Last week, I went to the Register of Deeds to finally transfer the title of the property in my name, but the clerk informed me that I cannot do that because the title of the seller was already cancelled. It turned out that the seller also sold the property to his brother after the property was sold to me, and the brother was able to transfer the title in his name. May I know my rights and legal recourse under the circumstances?
Based on the information you provided, there is a double sale, meaning the same seller sold a property to two or more buyers with different interests. The law applicable to such a case is Article 1544 of the Civil Code which states that if the same immovable was sold to different vendees, “the ownership shall belong to the person acquiring it who in good faith first recorded it in the Registry of Property. Should there be no inscription, the ownership shall pertain to the person who in good faith was first in the possession; and, in the absence thereof, to the person who presents the oldest title, provided there is good faith” (Article 1544, Civil Code). Thus, the person who is preferred by the law in case of double sale, in order of priority is: (1) the first person to register the sale in good faith; then (2) the first possessor in good faith; and lastly, (3) the buyer who in good faith presents the oldest title.
In your case, you are the first possessor of the property, but the other claimant is the first registrant. At a glance, it would appear that the other claimant is preferred following the mentioned rule. However, a closer scrutiny of the law would reveal that you may question the right of the other claimant if you can show that he is not a registrant in good faith. Good faith in double sale cases means that the person must have bought the property without notice that some other person has a right or interest in such property and pays a full and fair price for the same before he has notice of the other person’s claim (Centeno vs. Sps.Viray, 440 Phil. 881).
Concerning the registration of the sale, our Supreme Court categorically declared that knowledge gained by the second buyer of the first sale defeats his rights even if he is first to register, since such knowledge taints his registration with bad faith (Uraca vs. Court of Appeals, 344 Phil. 253). This means that the second buyer can no longer rely on the fact that he/she is the first to register the sale, and the first buyer is entitled to prove that he has a better right to the property.
Based on the foregoing, it is evident that you have to investigate if the brother of the seller is a registrant in good faith. In the affirmative, the brother of the seller indeed has a better right to the property in accordance with Article 1544 of the Civil Code.

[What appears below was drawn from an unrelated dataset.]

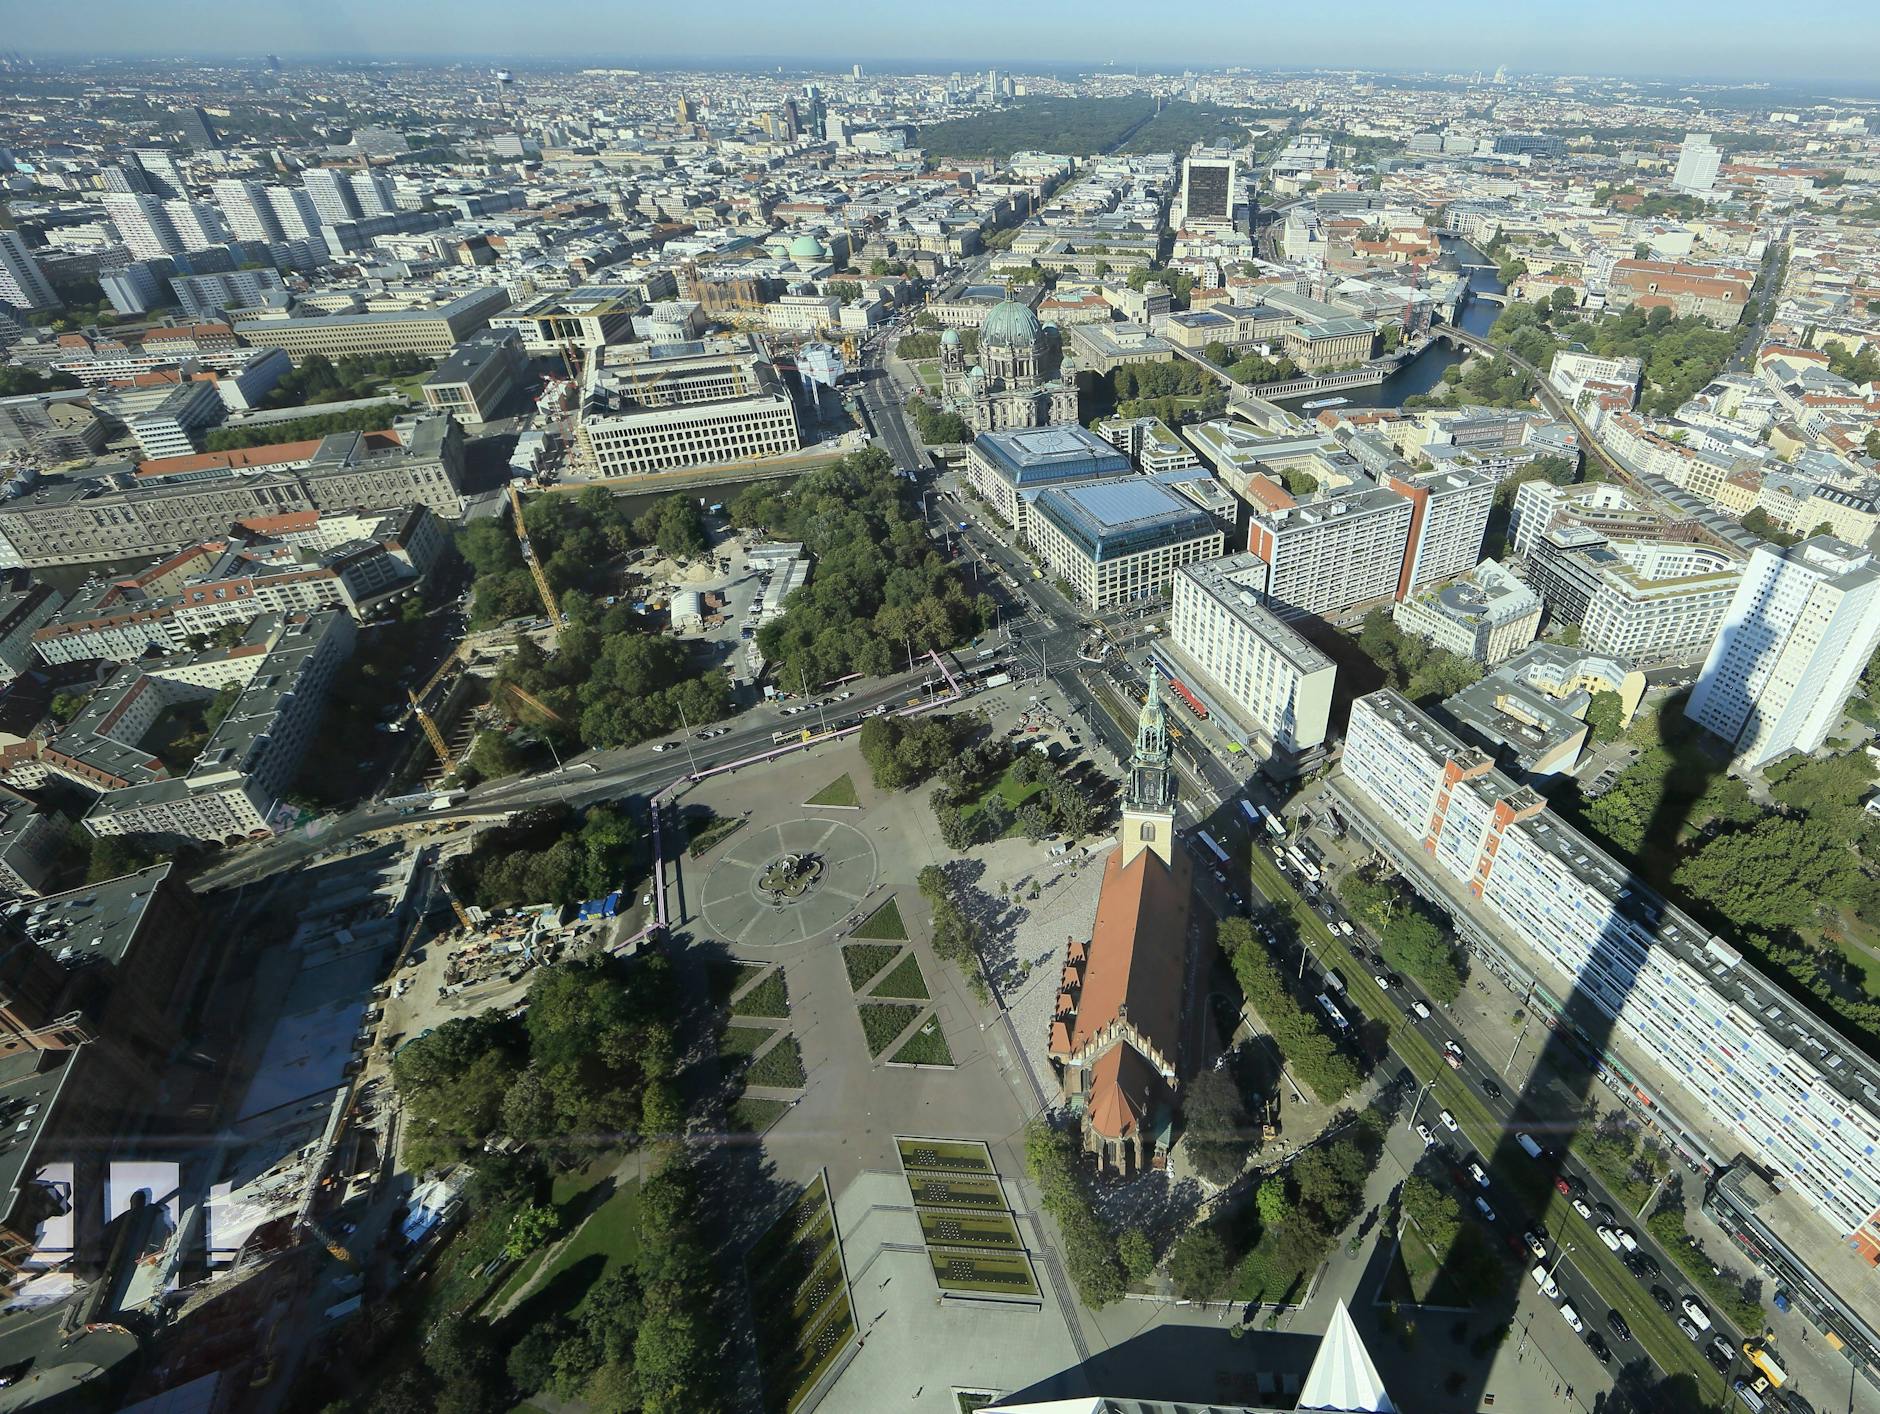 Blick vom Fernsehturm auf das neu zu gestaltende Gebiet Rathausforum und Marx-Engels-Forum. In der Mitte der Neptunbrunnen, dominant die zentrale Achse.

In which case, your recourse is to sue the seller and demand rescission of the contract with damages. However, if you can show that the brother of the seller has knowledge of your claim or right to the property before he transferred the title in his name, then you may question his right to the property. Your recourse in such a case is to petition the court to cancel the title issued to the brother of the seller on account of his bad faith, and ask that the same be transferred in your name on the basis of the deed of sale executed by the seller in your favor.
We hope we were able to sufficiently address your concern. Please bear in mind that the opinion given above is strictly based on the information you have provided and our appreciation of the same. Our opinion may vary if facts are changed or elaborated.